Bitcoin’s price recently reached the $50K mark and surpassed a 16-day high.
Analyzing the significant corrections of the past year, we can see a pattern in the daily timeframe. Often, breaking above the 20-day MA line or closing a candlestick higher has led to an upward trend.
This pattern was repeated six times, but it failed twice. The market was already too hot at the time of the first failure. FUDs were caused by China’s ban on miners and Elon Musk’s famous tweet that Tesla had stopped accepting Bitcoin. A candlestick has been placed above the 20-day MA. We will have to wait to see if this triggers a new Bitcoin rally.
Bitcoin was able to surpass the dynamic descending line in the shorter timeframes. It is currently trading below the MA-200 line for nearly 40 days.
Breaking above this resistance could lead to a continuation run to the static and dynamic resistances of $53 -54K. Analysts believe that the price could retrace from this area.
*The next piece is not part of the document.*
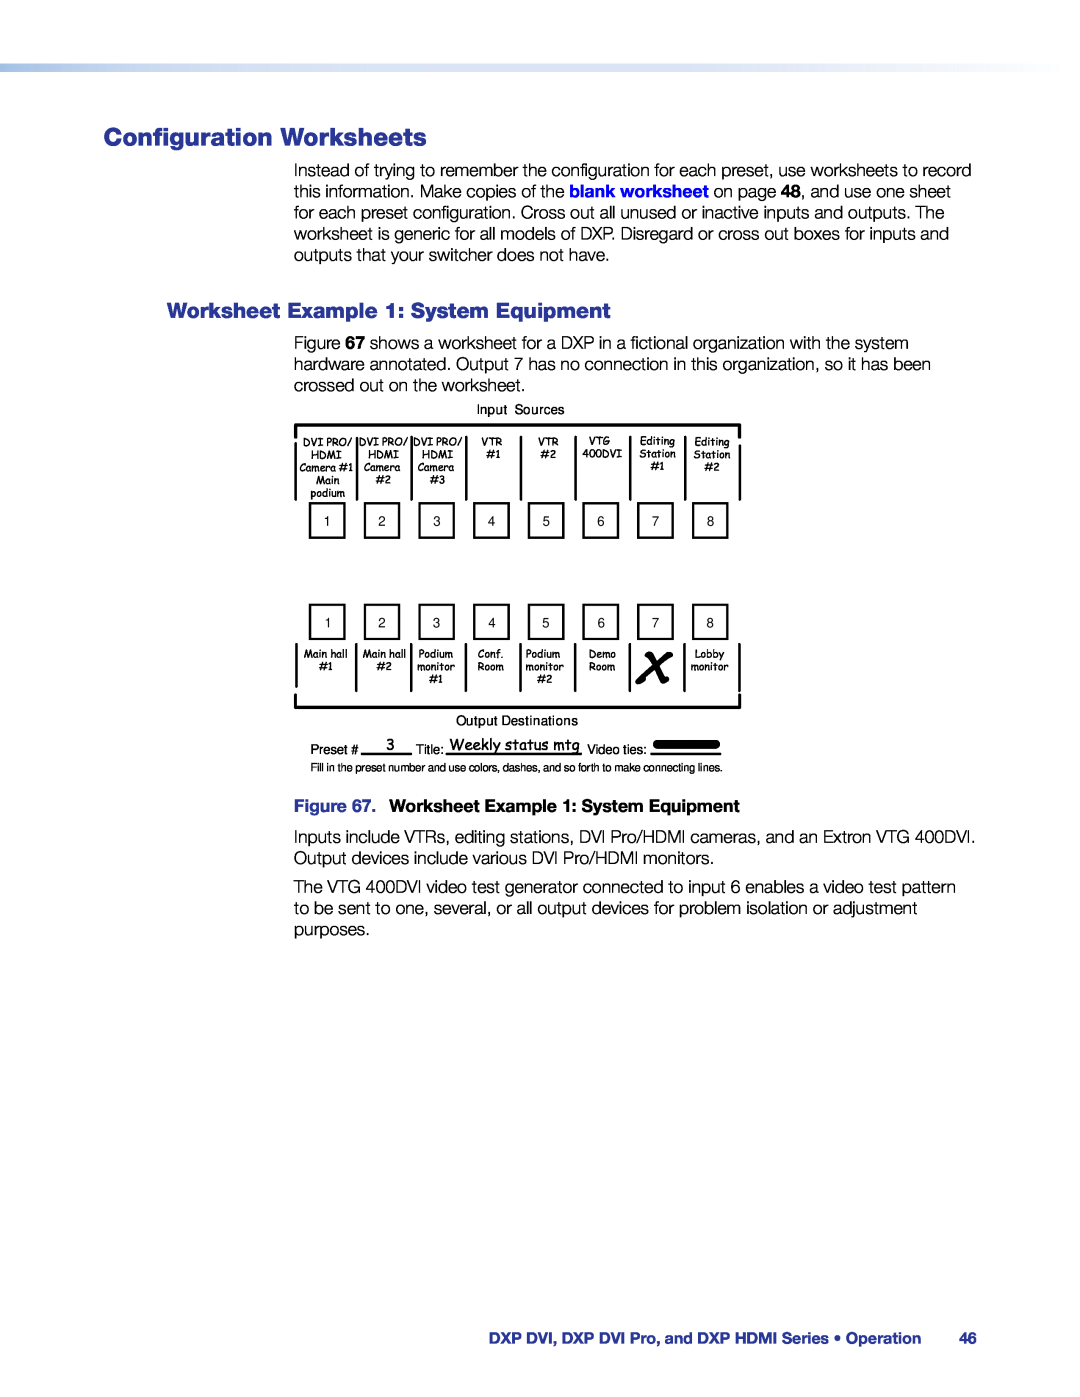 Extron electronic DXP DVI PRO manual Configuration Worksheets, Worksheet Example 1 System Equipment 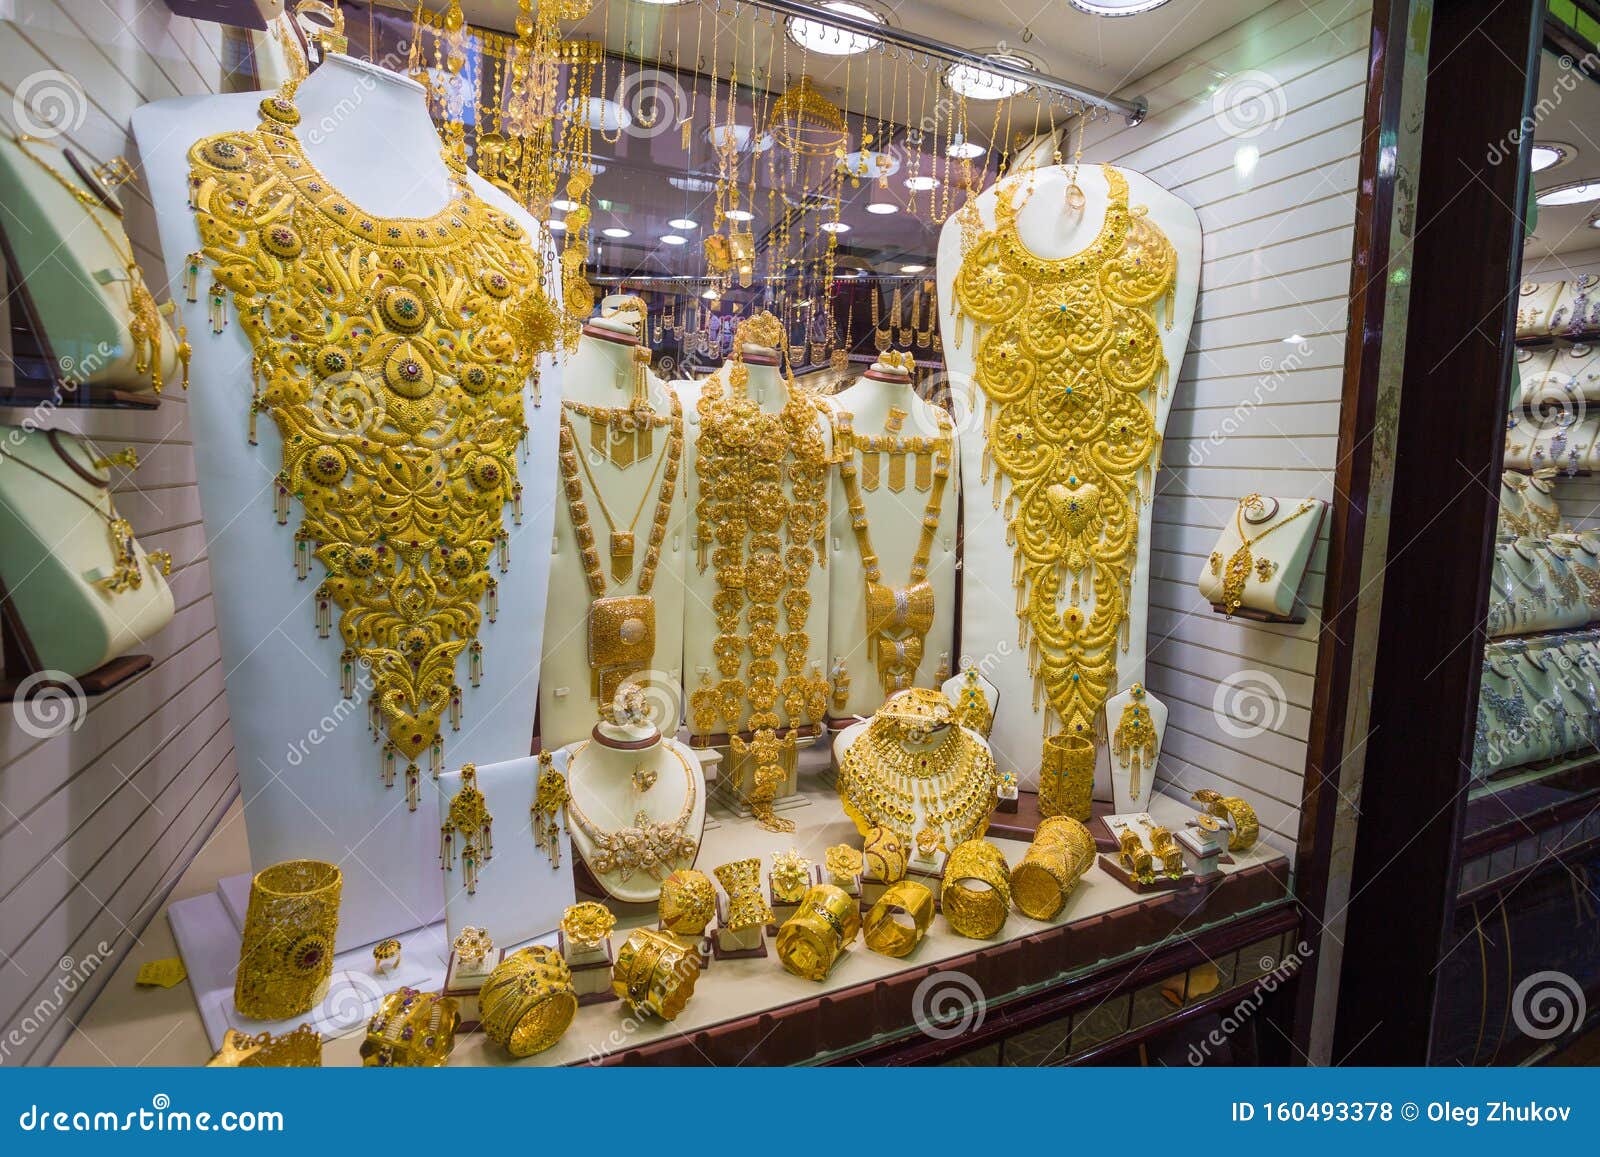 Gold market in Duba stock photo. Image of decoration - 160493378

The majority of on-chain metrics confirm that there will be a supply shock in the medium-term. One thing to be concerned about is the average transaction size from derivative exchanges to other exchanges.
This chart shows that retail traders make up the majority of the perpetual market. The short-term price action will therefore be volatile.
This analysis was done exclusively by @GrizzlyBTClover and @CryptoVizArt for CryptoPotato.
Marla Brooks – Financial Analysis
My name is Marla Brooks, and I am the mainstream behind the”observednews.com” for the powerful and most delicate insights into the latest activities in the financial analysis category. I started my journey as an independent financial consultant. I had approximately nine years of experience in this field. I am free soul so; my passion for exploring the world has taken me to the nations across the globe and given me the chance to report for a portion of the best news associations. Currently, I am a full-time editor as experienced in finance and started to use my abilities.